Le diable dans le beffroi

  • December 5, 2015
    7:00 pm
Salle Bourgie — Pavillon Claire et Marc Bourgie — Musée des beaux-arts de Montréal
1339, rue Sherbrooke Ouest

Continuum Contemporary Music Ensemble performs works by Boudreau, Rea, Stockhausen.

Pre-concert activity, 6:15 pm

Toronto’s Continuum wind quintet blows onto the Montreal stage! On the program: two of Rea’s works revealing two antagonistic aspects of the music of the SMCQ’s honored composer this year. A concert full of contrasts which brings you next to the diabolical Walter Boudreau before seeing you soar through the skies with Stockhausen’s moving Adieu. Summing up a perfectly balanced evening.

Participants

Program

Production SMCQ

Mot du directeur artistique

Le rituel, l’incantation, la citation, l’offrande et l’hommage = la magie?

Ma toute première rencontre avec la musique de John Rea remonte à un concert de la SMCQ donné le 30 novembre 1978 à la Salle Pollack où l’Ensemble du St-Laurent, nous conviait à une sorte de rituel initiatique dans lequel les musiciens — disposés en cercle — nous entrainaient dans un exercice (exorcisme?) incantatoire singulier, à travers l’exécution de Reception and Offering Music.

Le «choc» ressenti alors fût remarquable de conséquences imprévisibles et dont les effets se feraient sentir dans ma musique, quelques 10 ans plus tard, alors qu’à la suite de la commande d’une œuvre orchestrale célébrant le 750e anniversaire de la fondation de la ville de Berlin, j’y exploiterais à fond et pendant 20 ans (Berliner Momente I à V), des éléments tirés des musiques de Haydn et Wagner (ce que je n’avais jamais fait auparavant) et me plongerais ainsi dans une démarche dite «postmoderniste» et ce, pour une partie de nombreuses œuvres à venir, dont le Diable dans le Beffroi (2004) qui s’inspire du Pâtre sur le rocher (Der Hirt auf dem Felsen) de Franz Schubert et d’une nouvelle éponyme d’Edgar Allan Poe.

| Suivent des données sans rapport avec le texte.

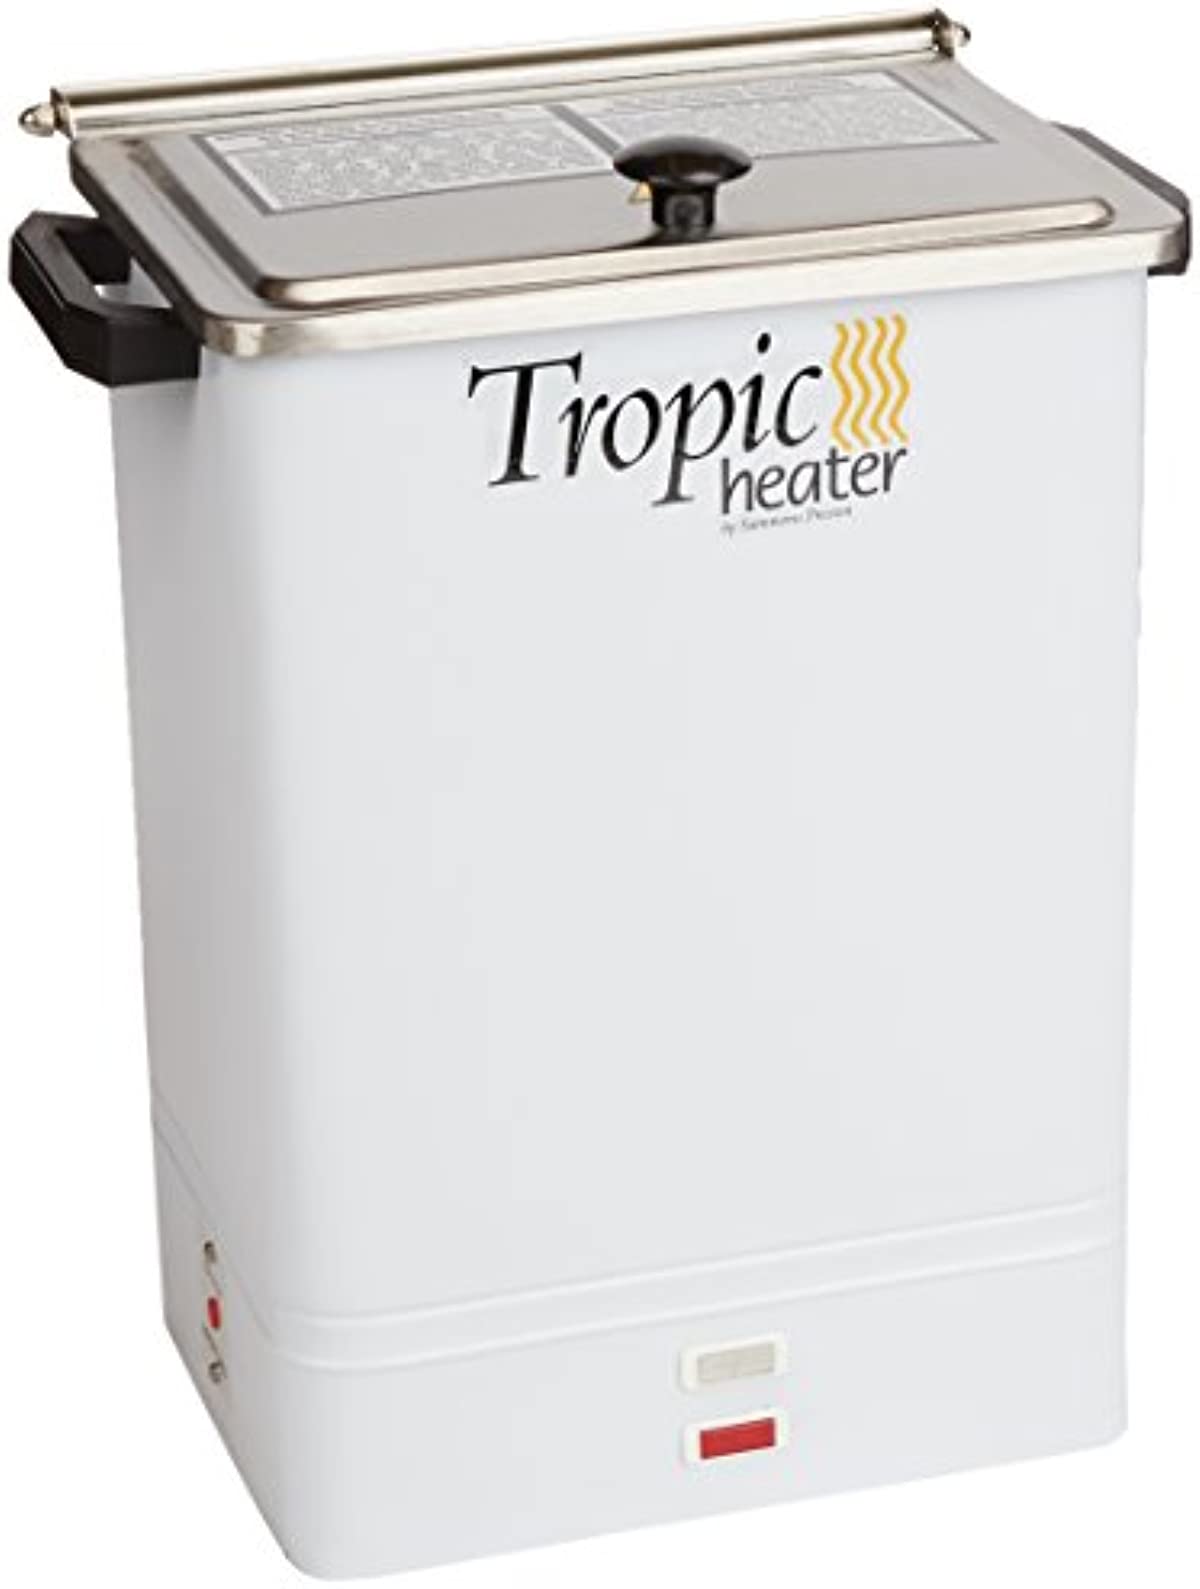 Sammons Preston Tropic Heater, Stationary Version, 4 Tropic Pacs Included

Comme je le soulignais dans mon texte d’introduction de la Série hommage à John Rea, que la démarche esthétique de ce dernier tend en quelque sorte à concilier «des éléments antinomiques (le cœur et la raison) … dans sa recherche d’un équilibre absolu entre la forme et le contenu» et d’autre part (je le cite à son tour) que sa «fascination des raisons pour lesquelles plusieurs compositeurs incorporent la musique d’autres compositeurs à leur propre musique, il y a la croyance — peut-être inconsciente — que telles citations aient un caractère ou un pouvoir magique».

Cet énoncé de Rea nous éclaire sur sa démarche — à tout le moins — sur certains aspects de celle-ci, où l’on retrouve des citations tirées du répertoire et contrairement à la technique plutôt superficielle du «collage» en vogue durant les années 60-70, ces dernières sont organiquement incorporées à «son» discours, de manière à produire quelque chose qui transcende la somme de ses parties!

Il en va ainsi avec Reception and Offering Music oùles citations des Bach, Mozart, Beethoven, Wagner, Brahms, Mahler et Schöenberg sont non seulement bien identifiées, mais savamment tissées dans un réseau complexe d’allers-retours référentiels entre une musique «préexistante» (le répertoire) et une musique «nouvelle» (la sienne), par l’utilisation d’un processus incantatoire alchimique (magique…) que nous retrouverons — sublimé — dans les Études multiples, ces dernières s’apparentant plus aux recherches et préoccupations formelles du compositeur, ainsi que de sa fascination pour les structures (et la géométrie) musicales.

Enfin, avec Adieu, composée en 1966 à la mémoire de Wolfgang Sebastian Meyer (organiste décédé à 29 ans dans un accident de voiture), œuvre inspirée en partie par certaines toiles de Piet Mondrian, Stockhausen nous entraîne dans un rituel de la mort qui exige des interprètes une participation active fondée sur l’interprétation subjective et l’invention personnelle thématique ou mélodique.

C’est donc avec un plaisir renouvelé que nous accueillons à nouveau nos amis de Continuum de Toronto, en leur souhaitant la plus chaleureuse des bienvenues à Montréal dans le cadre de la Série hommage 2015-16 de la SMCQ à John Rea.